• WORKING DATA
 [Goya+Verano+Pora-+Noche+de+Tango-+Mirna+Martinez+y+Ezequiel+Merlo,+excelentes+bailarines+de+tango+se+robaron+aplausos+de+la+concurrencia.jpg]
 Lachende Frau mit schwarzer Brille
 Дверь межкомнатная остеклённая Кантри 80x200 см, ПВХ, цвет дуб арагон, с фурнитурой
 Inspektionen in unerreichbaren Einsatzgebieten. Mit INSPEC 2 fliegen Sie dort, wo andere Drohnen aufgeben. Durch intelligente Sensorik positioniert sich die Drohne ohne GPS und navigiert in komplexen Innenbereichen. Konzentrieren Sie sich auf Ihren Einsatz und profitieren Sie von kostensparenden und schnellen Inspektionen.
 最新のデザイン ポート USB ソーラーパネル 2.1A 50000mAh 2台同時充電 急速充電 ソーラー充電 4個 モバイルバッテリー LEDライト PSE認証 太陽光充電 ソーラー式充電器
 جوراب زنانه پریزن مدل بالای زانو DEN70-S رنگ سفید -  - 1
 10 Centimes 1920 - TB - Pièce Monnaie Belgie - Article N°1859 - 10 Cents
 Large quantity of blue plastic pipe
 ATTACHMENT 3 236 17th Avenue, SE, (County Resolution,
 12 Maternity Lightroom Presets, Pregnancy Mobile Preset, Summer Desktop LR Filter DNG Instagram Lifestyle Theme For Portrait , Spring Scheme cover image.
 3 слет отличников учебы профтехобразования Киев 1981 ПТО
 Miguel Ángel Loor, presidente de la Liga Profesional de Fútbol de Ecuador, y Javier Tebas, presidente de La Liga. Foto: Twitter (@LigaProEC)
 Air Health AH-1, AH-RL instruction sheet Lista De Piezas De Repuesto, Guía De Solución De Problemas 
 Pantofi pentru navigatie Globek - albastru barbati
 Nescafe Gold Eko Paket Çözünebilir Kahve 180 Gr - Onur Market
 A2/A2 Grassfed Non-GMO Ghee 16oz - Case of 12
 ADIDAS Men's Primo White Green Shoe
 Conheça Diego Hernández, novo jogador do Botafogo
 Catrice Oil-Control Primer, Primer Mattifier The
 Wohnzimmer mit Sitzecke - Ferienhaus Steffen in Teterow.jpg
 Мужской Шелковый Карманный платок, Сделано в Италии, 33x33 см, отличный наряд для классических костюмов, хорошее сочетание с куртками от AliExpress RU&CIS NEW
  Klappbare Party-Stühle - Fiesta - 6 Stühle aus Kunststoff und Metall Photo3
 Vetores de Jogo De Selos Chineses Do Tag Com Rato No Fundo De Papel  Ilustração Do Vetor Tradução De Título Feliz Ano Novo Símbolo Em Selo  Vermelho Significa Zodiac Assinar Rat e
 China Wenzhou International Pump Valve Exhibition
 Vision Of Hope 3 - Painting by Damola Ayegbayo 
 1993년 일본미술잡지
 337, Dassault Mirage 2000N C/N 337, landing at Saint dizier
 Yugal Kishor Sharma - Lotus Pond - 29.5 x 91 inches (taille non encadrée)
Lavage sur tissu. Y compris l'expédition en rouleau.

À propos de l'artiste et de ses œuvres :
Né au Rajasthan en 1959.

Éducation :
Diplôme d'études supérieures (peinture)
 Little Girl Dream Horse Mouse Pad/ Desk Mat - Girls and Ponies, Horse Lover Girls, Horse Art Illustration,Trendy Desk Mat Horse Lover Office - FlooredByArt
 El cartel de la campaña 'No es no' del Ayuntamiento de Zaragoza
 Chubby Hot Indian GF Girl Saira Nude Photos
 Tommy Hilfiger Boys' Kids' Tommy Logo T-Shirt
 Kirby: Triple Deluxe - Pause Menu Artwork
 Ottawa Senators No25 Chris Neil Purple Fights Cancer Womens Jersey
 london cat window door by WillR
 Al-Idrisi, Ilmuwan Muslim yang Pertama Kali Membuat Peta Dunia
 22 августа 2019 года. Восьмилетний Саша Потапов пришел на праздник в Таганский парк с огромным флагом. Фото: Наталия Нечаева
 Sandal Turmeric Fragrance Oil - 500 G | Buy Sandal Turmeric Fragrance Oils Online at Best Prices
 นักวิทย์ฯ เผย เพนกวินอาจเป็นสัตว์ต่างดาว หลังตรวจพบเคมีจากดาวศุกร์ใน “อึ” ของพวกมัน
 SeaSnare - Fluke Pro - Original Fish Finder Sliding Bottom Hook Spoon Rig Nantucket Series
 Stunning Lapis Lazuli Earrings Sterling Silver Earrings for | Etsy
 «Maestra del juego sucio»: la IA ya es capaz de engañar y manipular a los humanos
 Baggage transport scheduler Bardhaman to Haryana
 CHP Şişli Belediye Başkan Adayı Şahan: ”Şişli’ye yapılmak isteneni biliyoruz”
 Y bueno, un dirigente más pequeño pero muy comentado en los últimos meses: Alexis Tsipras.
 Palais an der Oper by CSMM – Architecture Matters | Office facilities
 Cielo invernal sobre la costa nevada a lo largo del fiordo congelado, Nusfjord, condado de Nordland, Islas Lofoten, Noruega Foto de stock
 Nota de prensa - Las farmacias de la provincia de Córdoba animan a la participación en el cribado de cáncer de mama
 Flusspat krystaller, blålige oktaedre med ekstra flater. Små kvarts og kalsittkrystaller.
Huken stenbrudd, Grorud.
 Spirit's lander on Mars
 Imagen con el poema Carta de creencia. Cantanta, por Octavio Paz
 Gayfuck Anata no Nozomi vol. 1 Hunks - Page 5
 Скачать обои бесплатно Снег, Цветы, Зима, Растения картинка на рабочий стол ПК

• TASK DIRECTIONS
Go to the line in the material above that contains "Conheça Diego Hernández, novo" and copy exactly from there through the line that contains "Klappbare Party-Stühle - Fiesta", stopping after it.

• ANSWER TO THE PROBLEM
 Conheça Diego Hernández, novo jogador do Botafogo
 Catrice Oil-Control Primer, Primer Mattifier The
 Wohnzimmer mit Sitzecke - Ferienhaus Steffen in Teterow.jpg
 Мужской Шелковый Карманный платок, Сделано в Италии, 33x33 см, отличный наряд для классических костюмов, хорошее сочетание с куртками от AliExpress RU&CIS NEW
  Klappbare Party-Stühle - Fiesta - 6 Stühle aus Kunststoff und Metall Photo3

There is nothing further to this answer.